Task prompt:
In the records below, find the line containing "実行可能週間実施する自動誘導" and the line containing "banner_ofrenda.jpg". Give again exactly those lines and every line between them, omitting the pictures.

Recorded data:
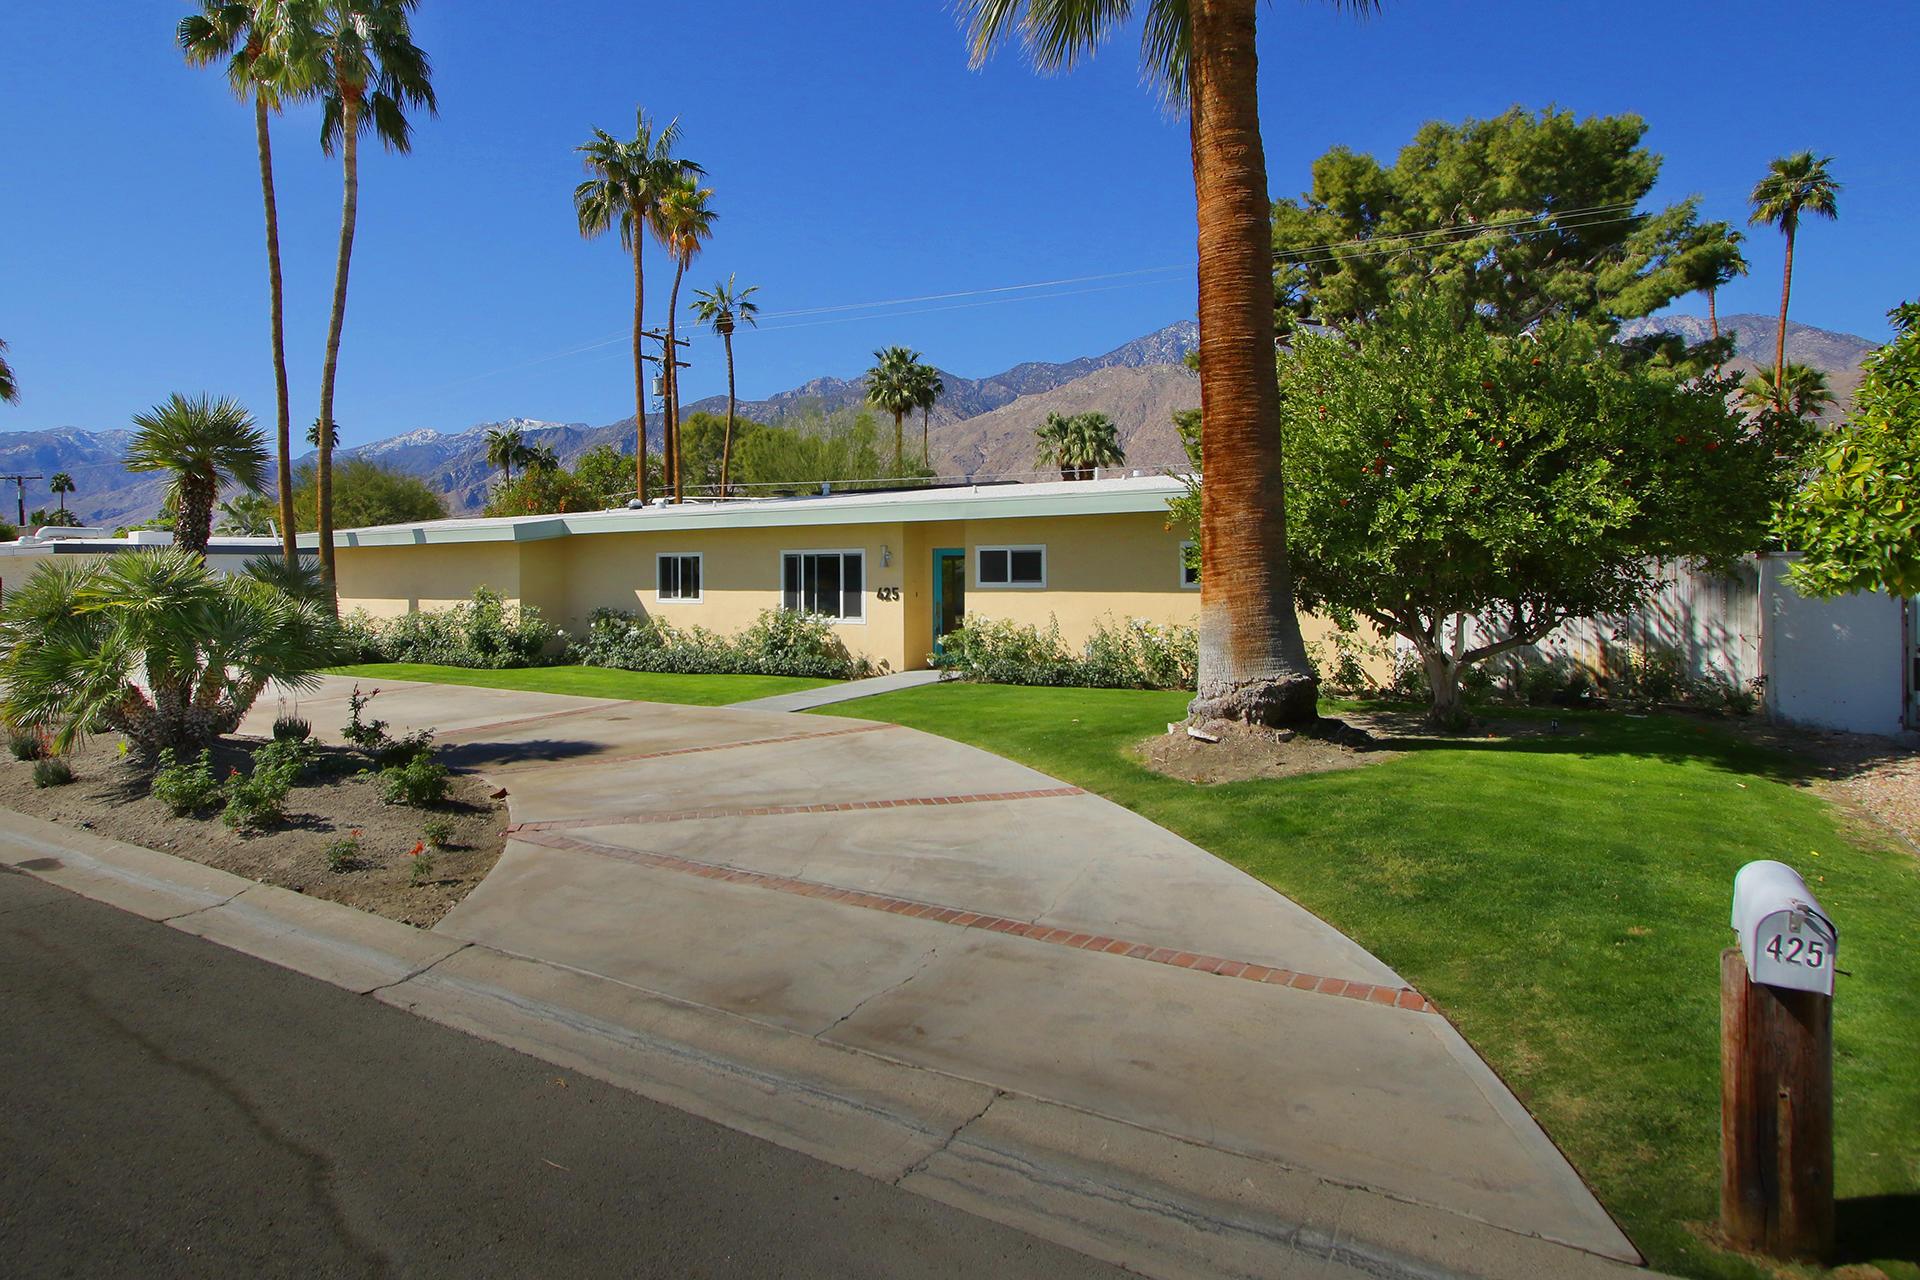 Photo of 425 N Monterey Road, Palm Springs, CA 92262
---
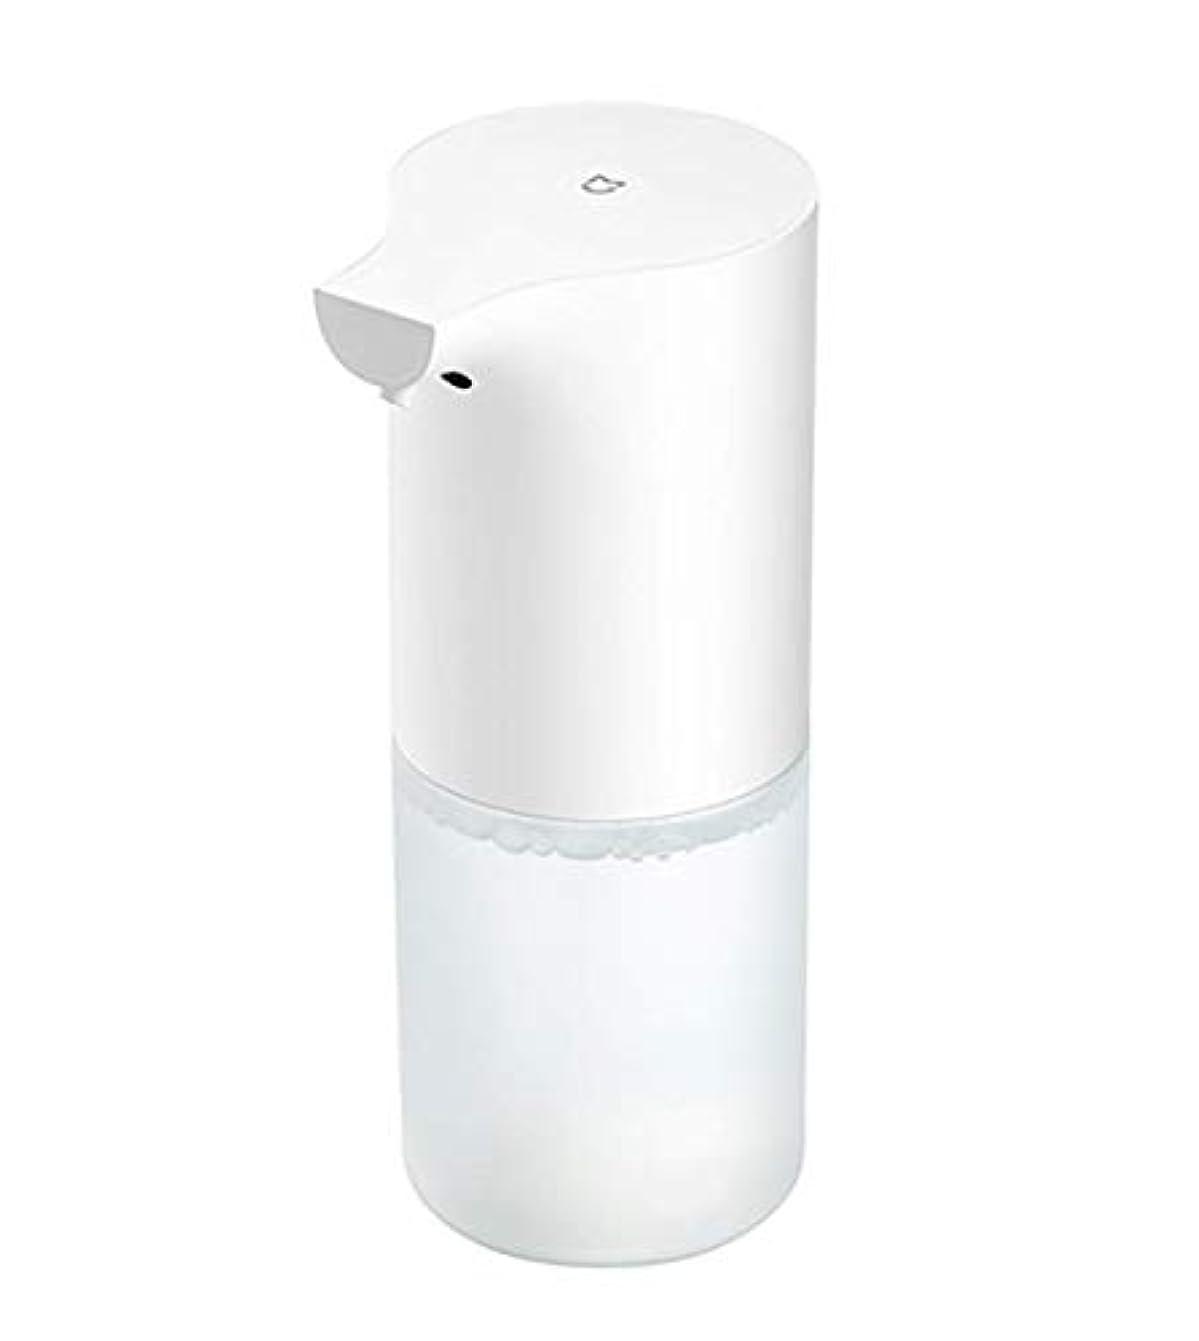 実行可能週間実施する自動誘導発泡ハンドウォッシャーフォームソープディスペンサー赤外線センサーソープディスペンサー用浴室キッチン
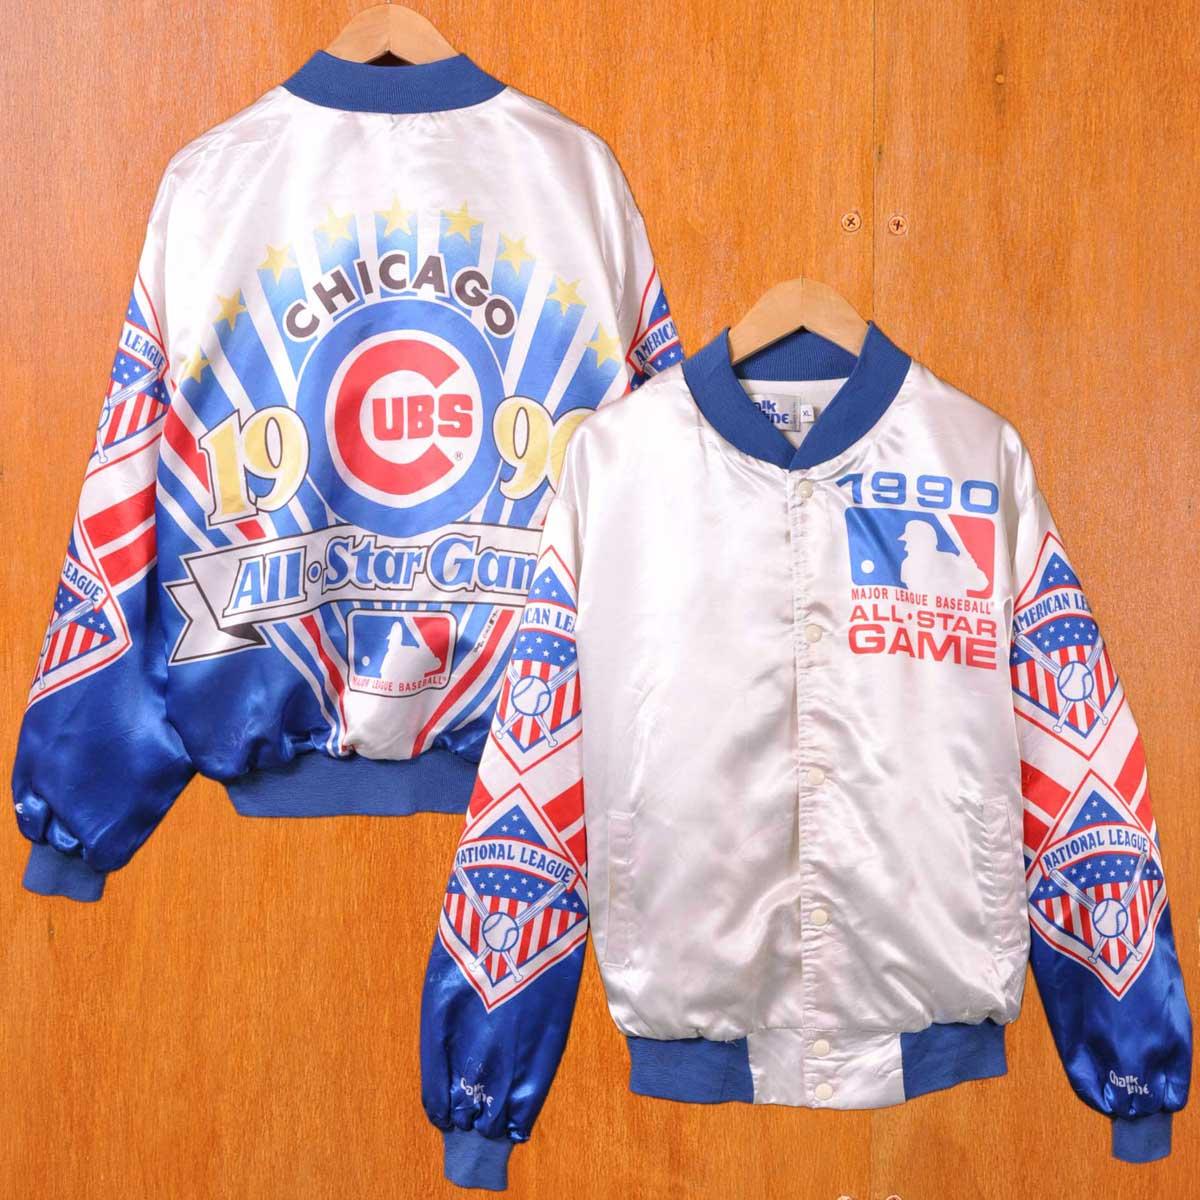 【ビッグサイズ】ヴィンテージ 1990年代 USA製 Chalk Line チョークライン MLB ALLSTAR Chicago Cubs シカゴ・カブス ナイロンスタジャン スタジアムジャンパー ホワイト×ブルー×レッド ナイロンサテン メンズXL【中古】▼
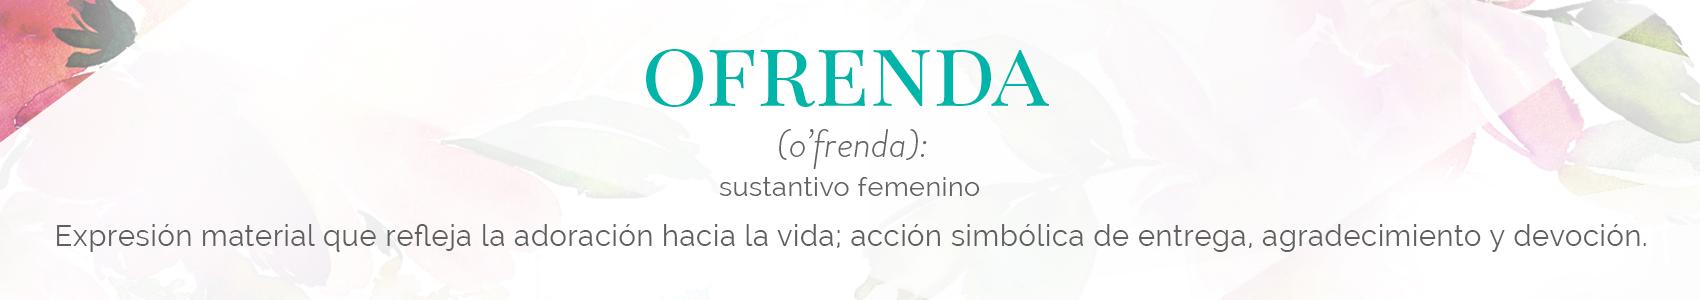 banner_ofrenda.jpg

Final answer:
 実行可能週間実施する自動誘導発泡ハンドウォッシャーフォームソープディスペンサー赤外線センサーソープディスペンサー用浴室キッチン
 【ビッグサイズ】ヴィンテージ 1990年代 USA製 Chalk Line チョークライン MLB ALLSTAR Chicago Cubs シカゴ・カブス ナイロンスタジャン スタジアムジャンパー ホワイト×ブルー×レッド ナイロンサテン メンズXL【中古】▼
 banner_ofrenda.jpg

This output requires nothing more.